Required work: Look below for the line that contains "Srilanka Wood International EXPO 2014", and write out exactly that line and all remaining lines of the listing, omitting pictures.

Data block:
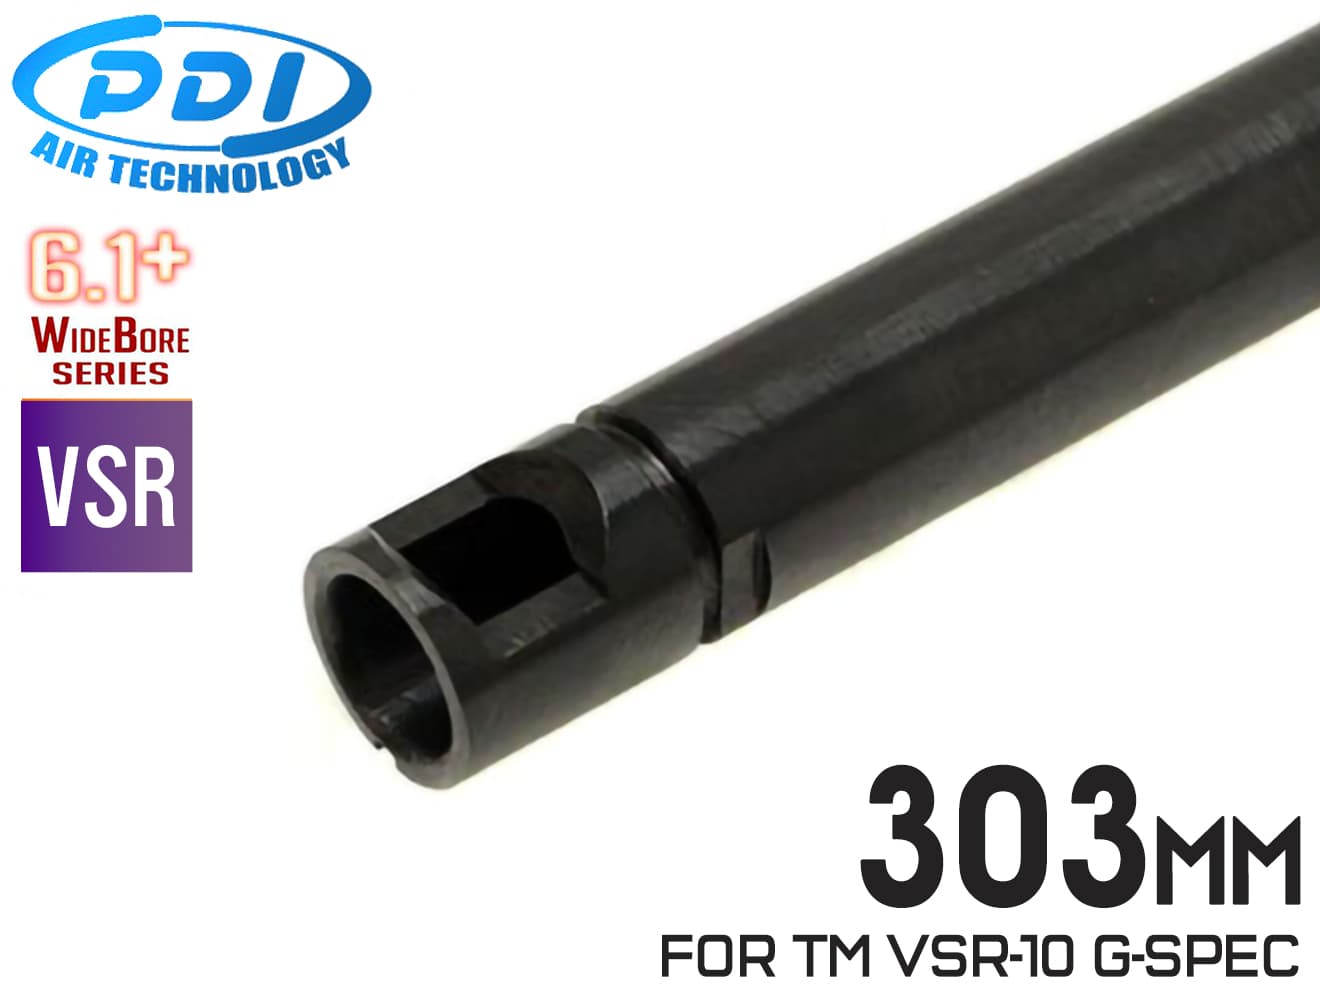 PDI WIDEBOREシリーズ 6.1 VSR/L96 ルーズ インナーバレル(6.1±0.007mm) 303mm Gスペック◆MARUI エアコキ ライフル スナイパー HOP 流速 ショートバレル化
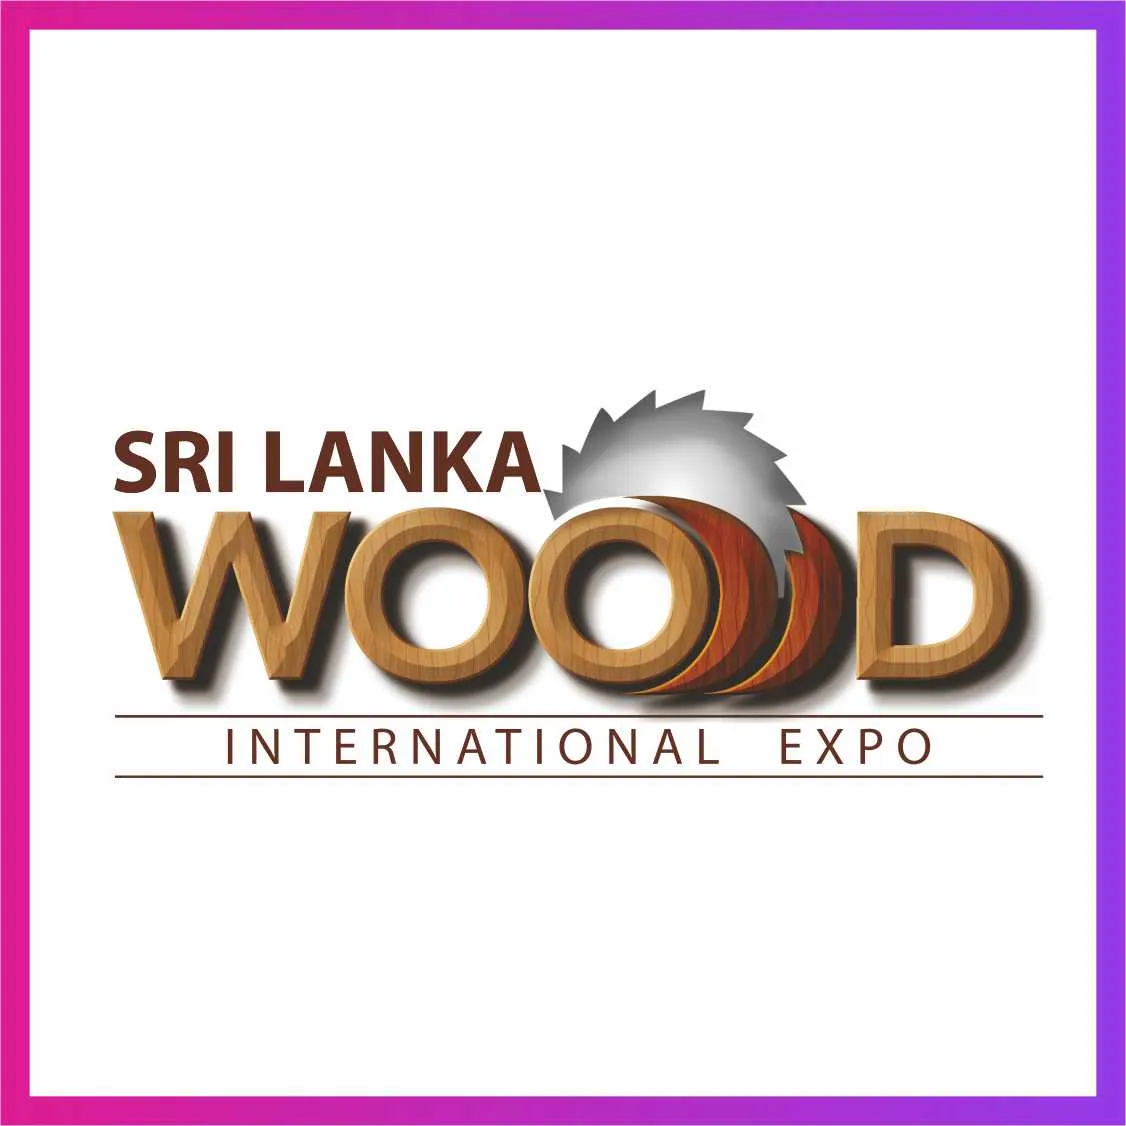 Srilanka Wood International EXPO 2014
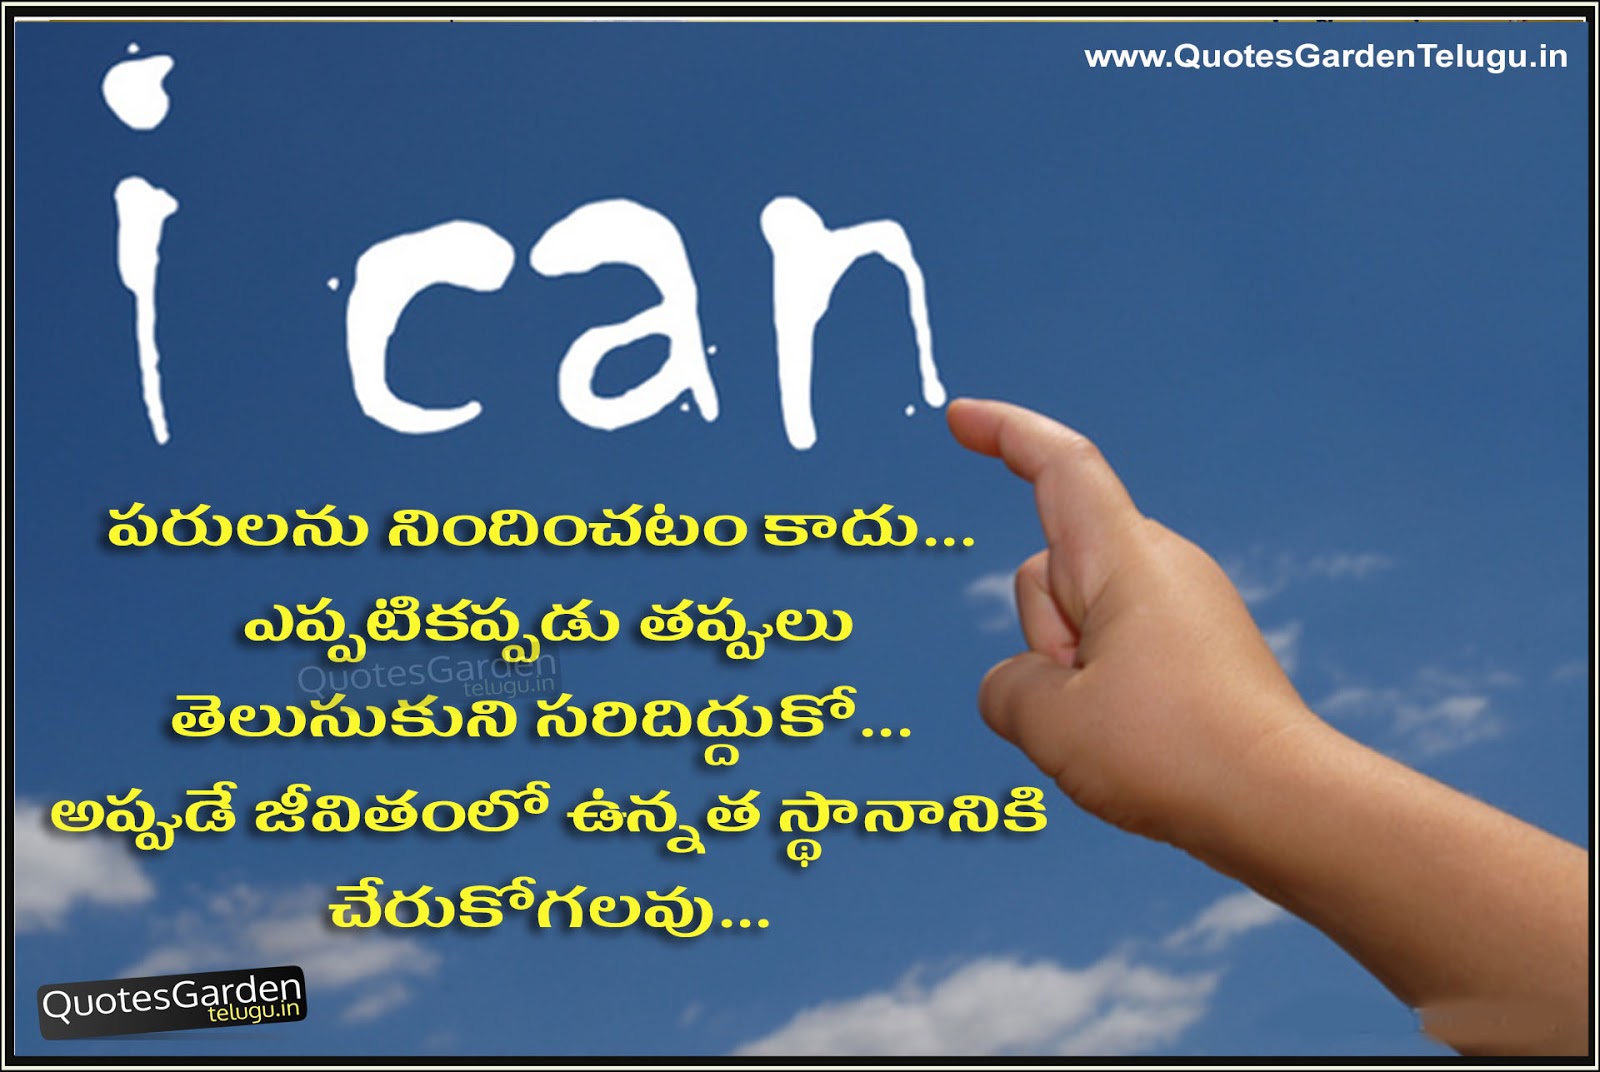 Self Attitude Quotes with good morning telugu quotes | QUOTES ...
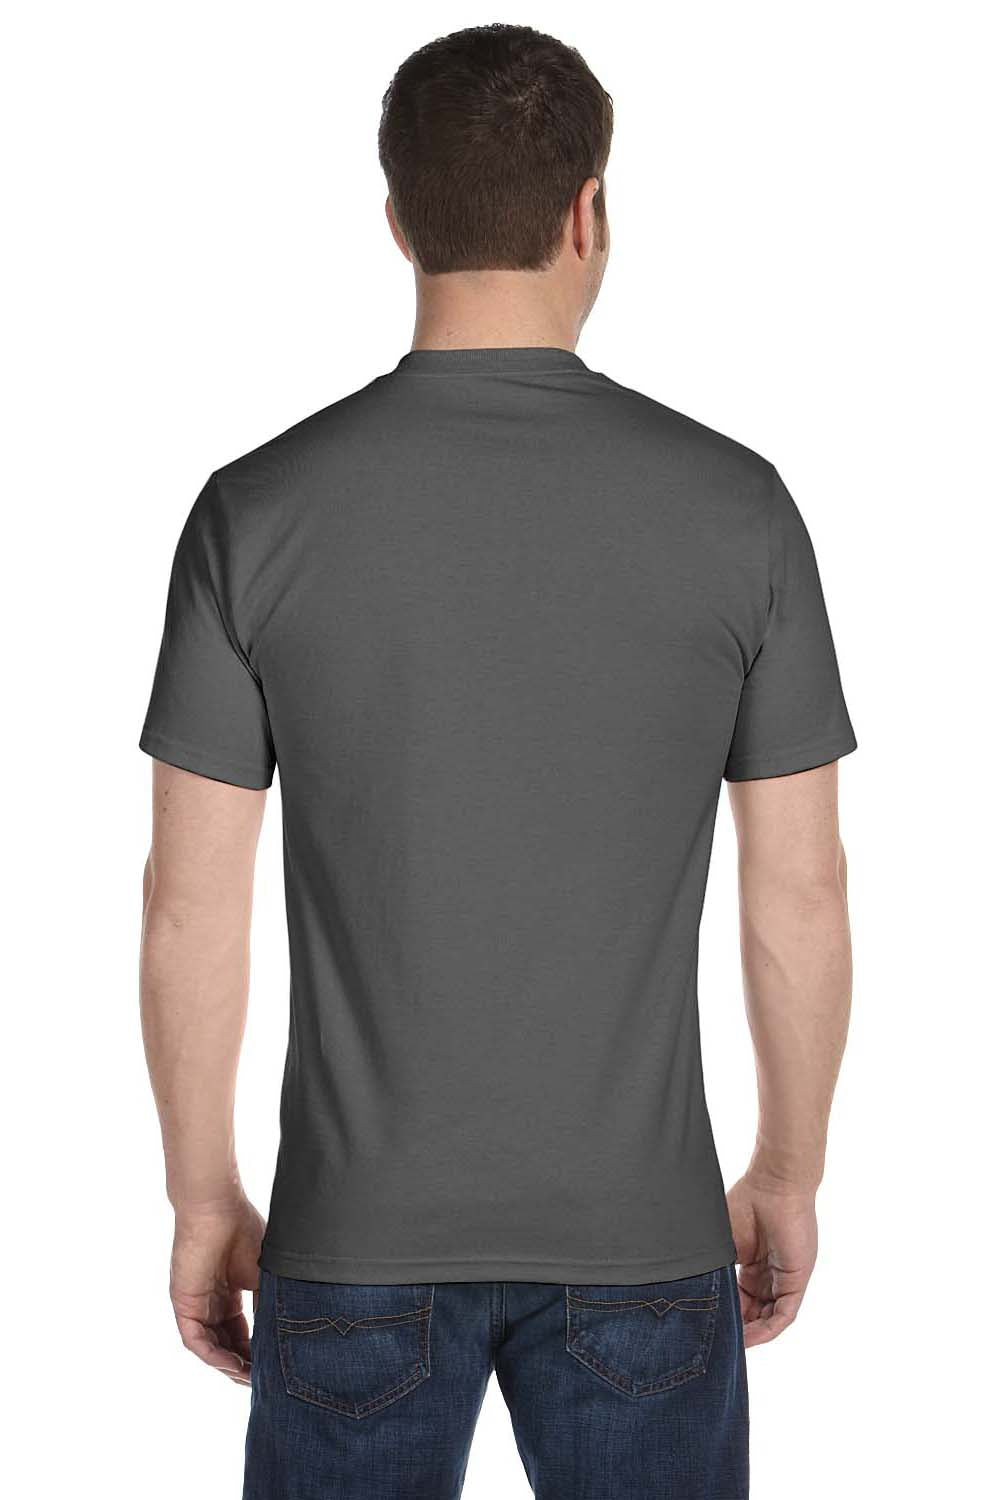 Hanes 5280 Mens ComfortSoft Short Sleeve Crewneck T-Shirt Smoke Grey Back

Written solution:
 Srilanka Wood International EXPO 2014
 Self Attitude Quotes with good morning telugu quotes | QUOTES ...
 Hanes 5280 Mens ComfortSoft Short Sleeve Crewneck T-Shirt Smoke Grey Back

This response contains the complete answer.